Duy Sang Nguyen and Ha Hoang Quoc Thi
World Jour. of Phys., 2 (1):161-172
Duy Sang Nguyen : School of Education, Can Tho University, Can Tho City 94000, Vietnam
Ha Hoang Quoc Thi : School of Education, Can Tho University, Can Tho City 94000, Vietnam
DOI: https://doi.org/10.56439/WJP/2024.1115
Article History: Received on: 17-Jan-24, Accepted on: 05-Apr-24, Published on: 30-Apr-24
Corresponding Author: Duy Sang Nguyen
Email: ndsang@ctu.edu.vn
Citation: Duy Sang Nguyen (2024). Prediction of crystal size and microstrain using artificial neural network from Gaussian peak shape analysis of X-ray diffraction data. World Jour. of Phys., 2 (1 ):161-172
X-ray
diffraction (XRD) is a widely used technique in materials science to determine
crystal structure, crystal size and peak shape of crystalline materials.
However, the interpretation of XRD data is often challenging due to the
complexity of the diffraction patterns and the presence of noise. In this
study, we demonstrate the application of artificial neural networks (ANNs) to
predict crystal size and peak shape from XRD data using the Gaussian function.

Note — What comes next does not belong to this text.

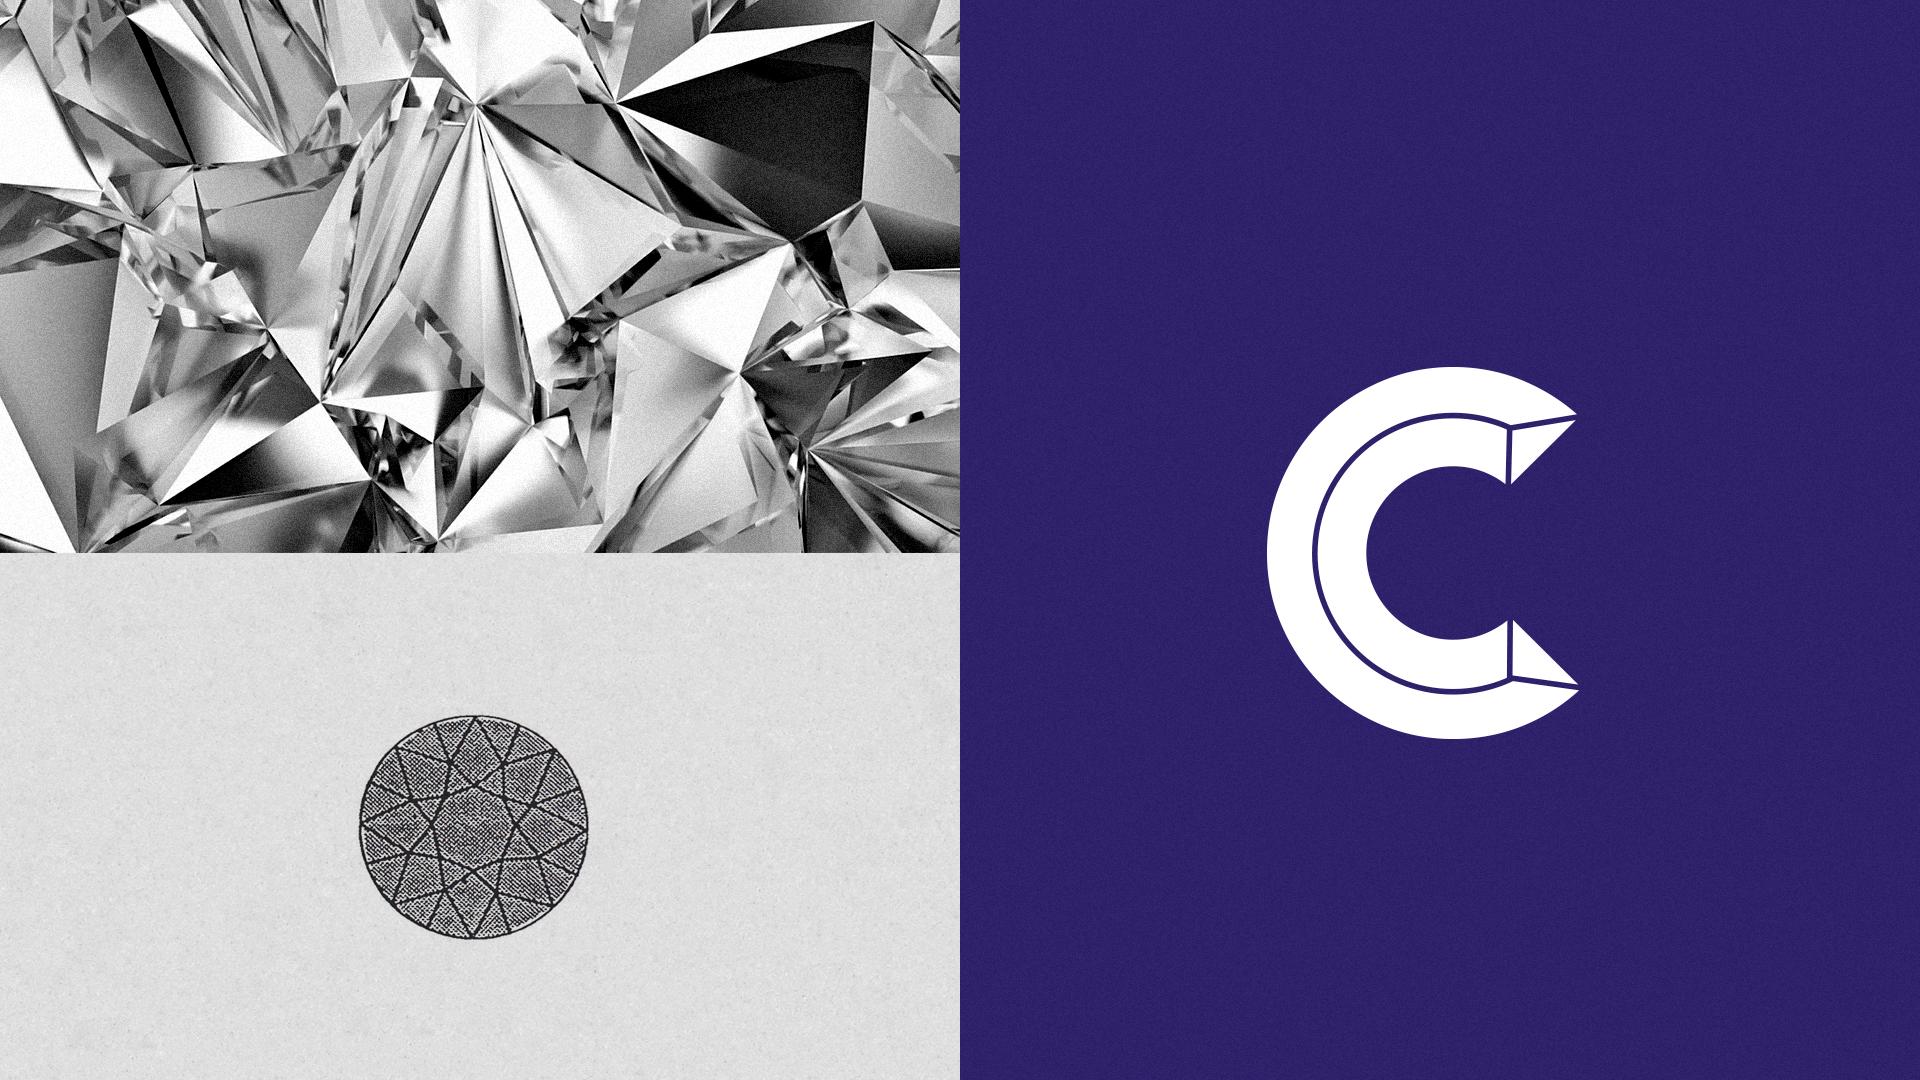 espacio-c-hair-lifestyle-identity-branding-10

ANNs are a powerful machine learning tool that can learn complex relationships
between input and output variables. Our results suggest that ANNs can be a
valuable tool for the interpretation of XRD data, especially when the
diffraction patterns are complex or noisy. The average value of the crystal
size is estimated and evaluated by the figure of merit parameter. This approach
has potential applications in materials science, where accurate
characterization of crystal structure and size is essential for understanding
material properties and designing new materials.